— DATASET EXCERPT —

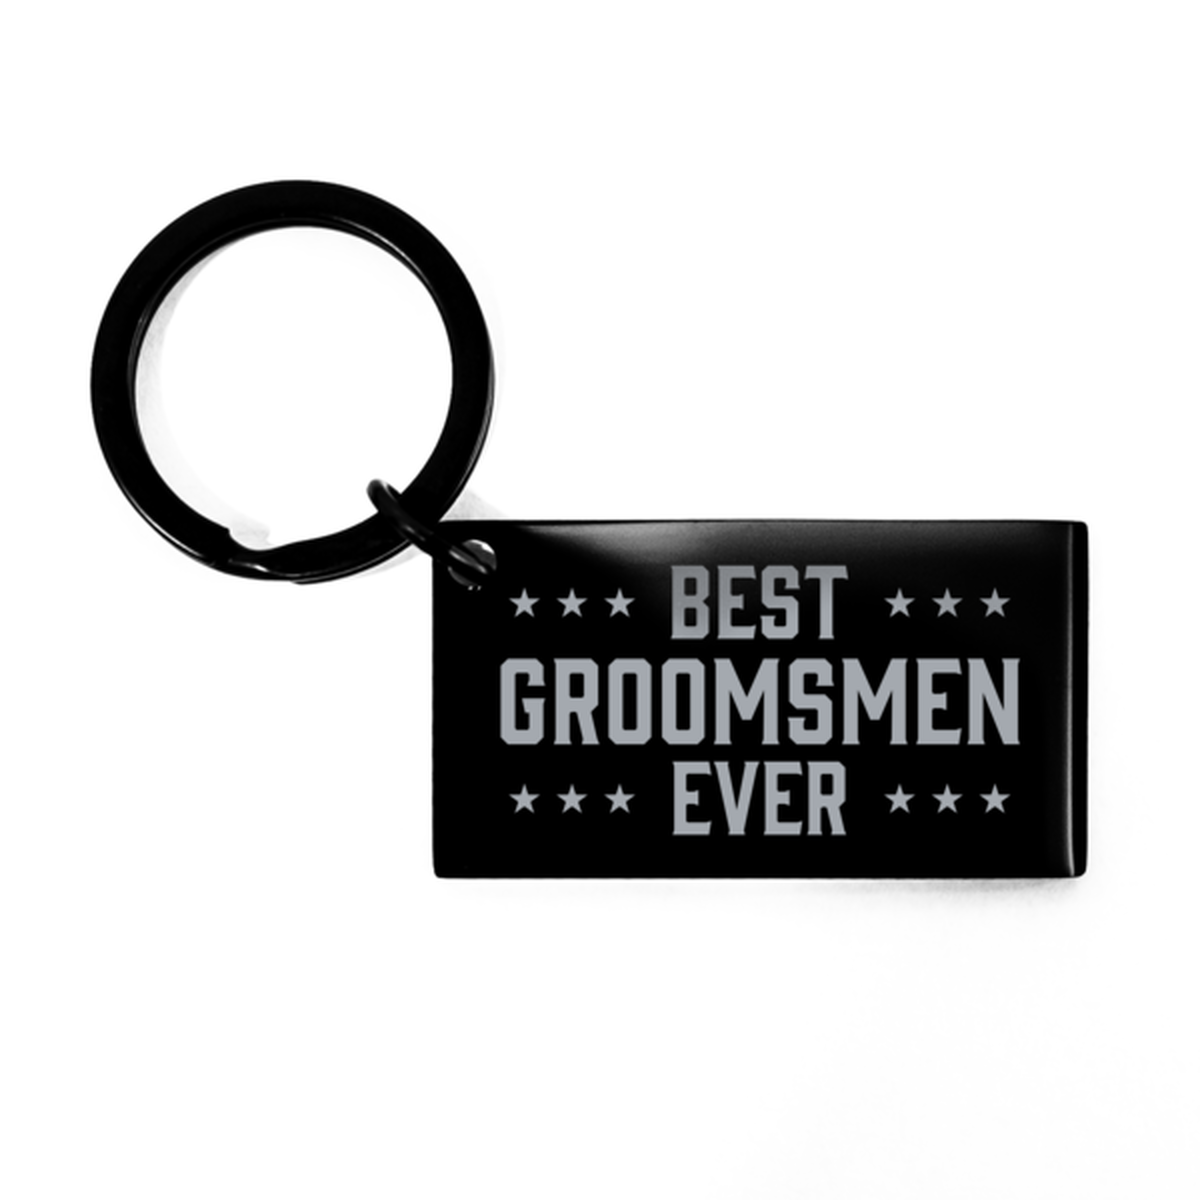 Best Groomsmen Ever Groomsmen Gifts, Funny Black Keychain For Groomsmen, Birthday Engraved Keyring Presents For Men
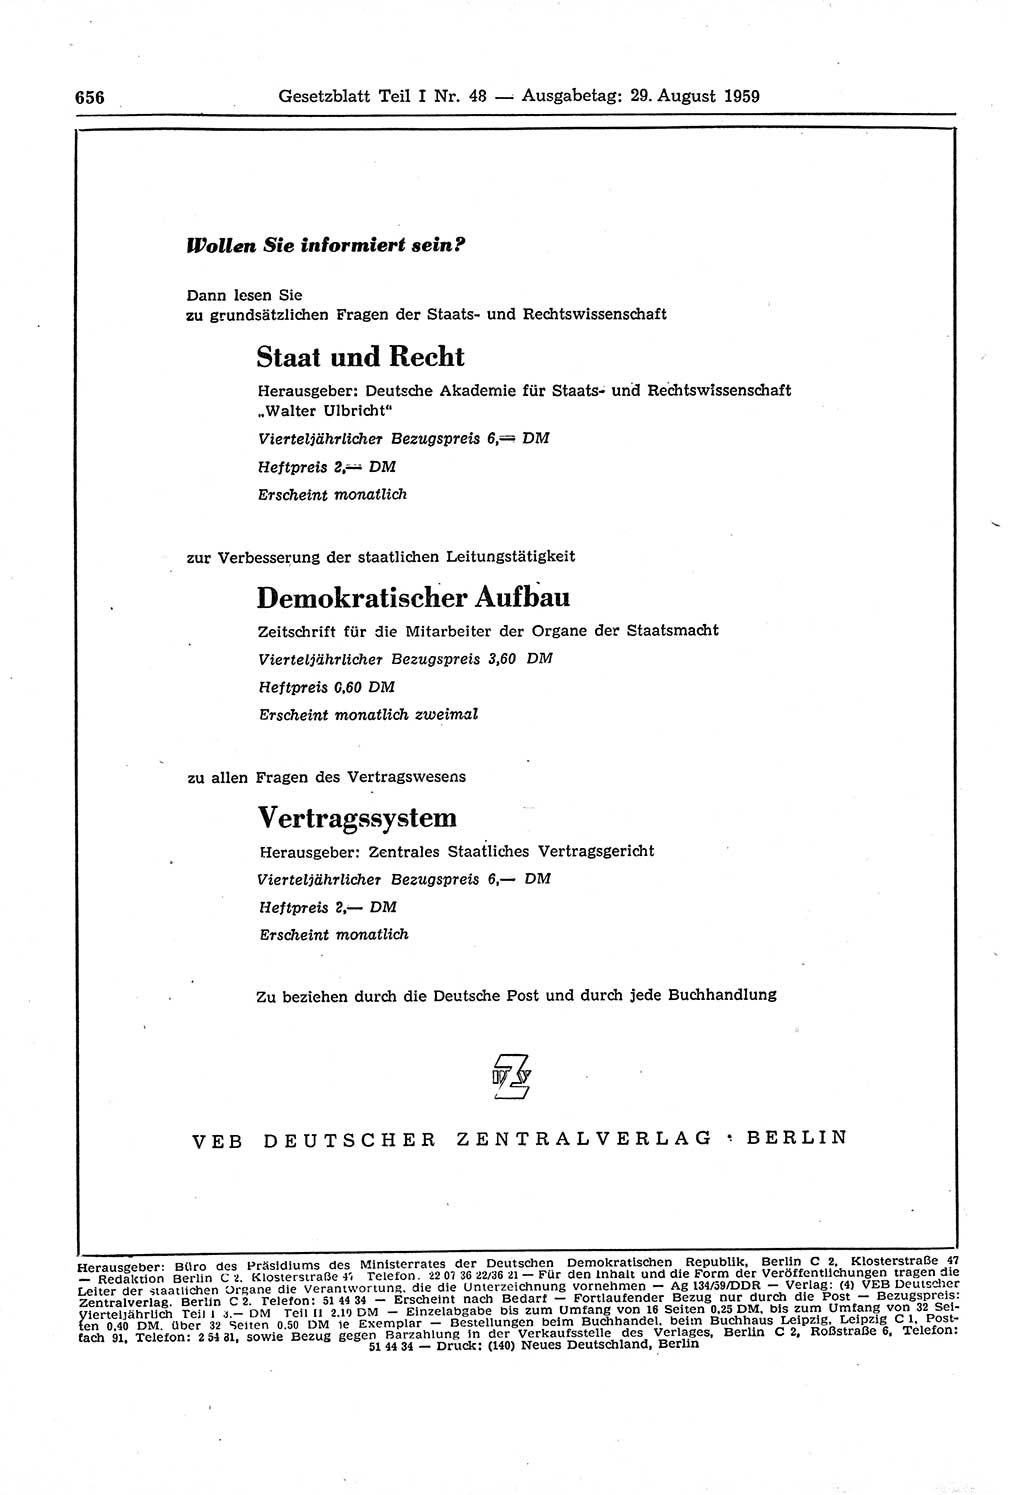 Gesetzblatt (GBl.) der Deutschen Demokratischen Republik (DDR) Teil Ⅰ 1959, Seite 656 (GBl. DDR Ⅰ 1959, S. 656)
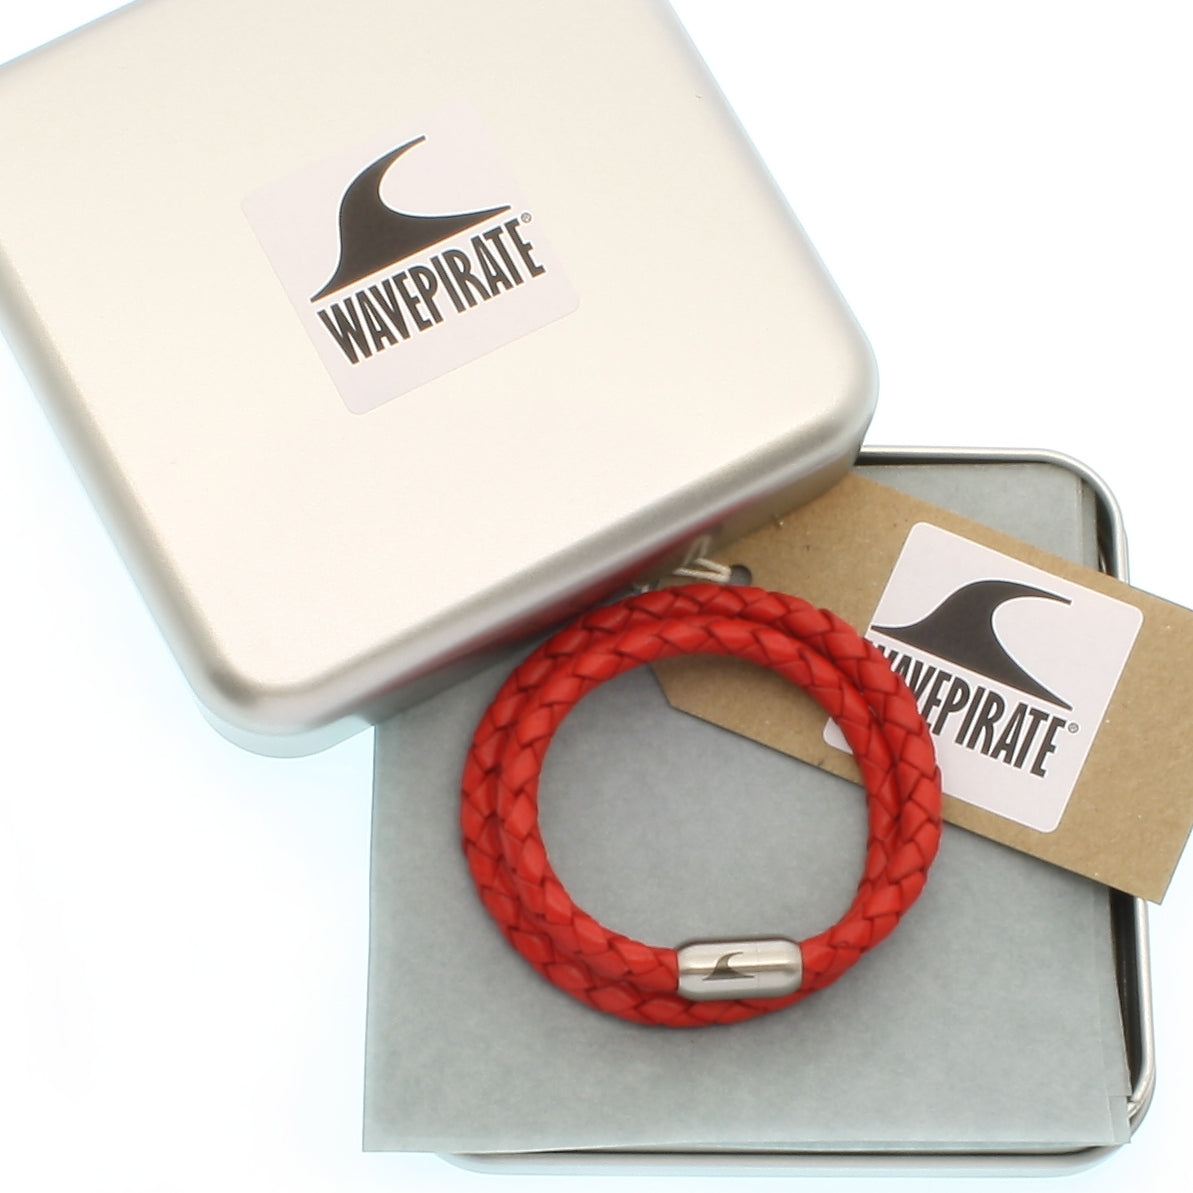 Leder-Armband-Damen-hawaii-rot-geflochten-Edelstahlverschluss-geschenkverpackung-wavepirate-shop-f
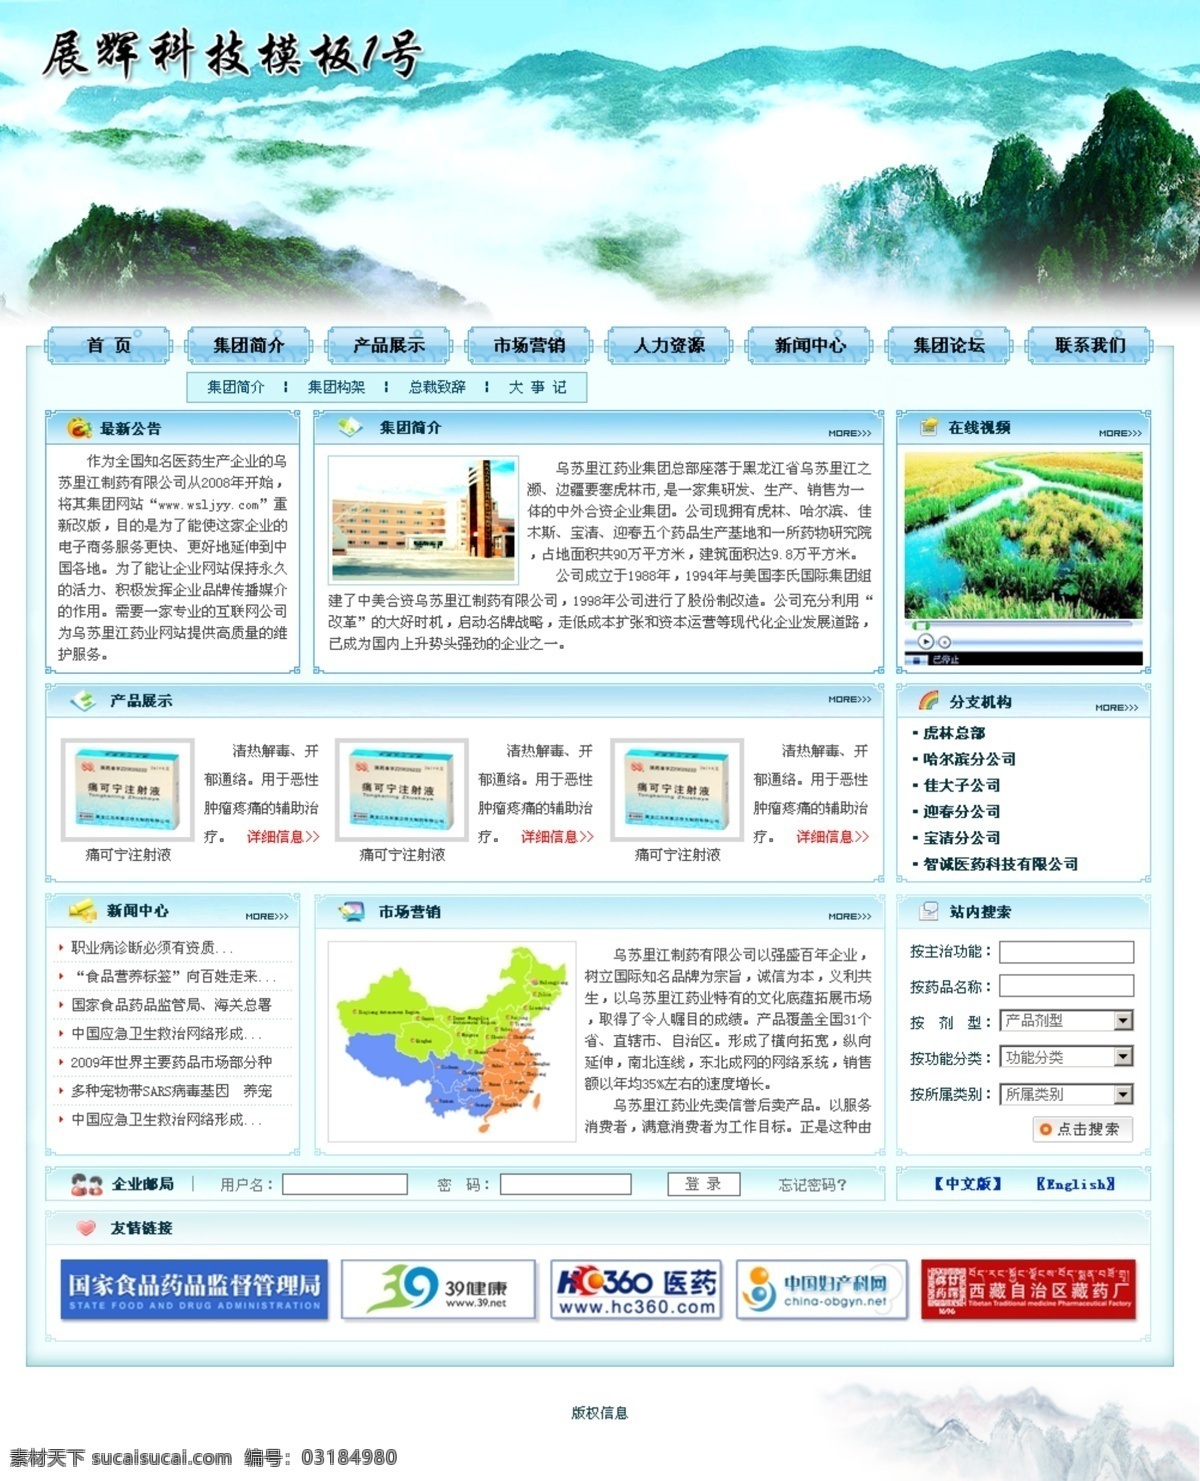 山水 风格 医药企业 网页模板 山水风格 中国风格 蓝色色调 网页素材

— PROBLEM TO SOLVE —
Could the data above be copied out exactly, with no pictures kept?

— SOLUTION FOR THIS TASK —
 Best Groomsmen Ever Groomsmen Gifts, Funny Black Keychain For Groomsmen, Birthday Engraved Keyring Presents For Men
 Gesetzblatt (GBl.) der Deutschen Demokratischen Republik (DDR) Teil Ⅰ 1959, Seite 656 (GBl. DDR Ⅰ 1959, S. 656)
 Leder-Armband-Damen-hawaii-rot-geflochten-Edelstahlverschluss-geschenkverpackung-wavepirate-shop-f
 山水 风格 医药企业 网页模板 山水风格 中国风格 蓝色色调 网页素材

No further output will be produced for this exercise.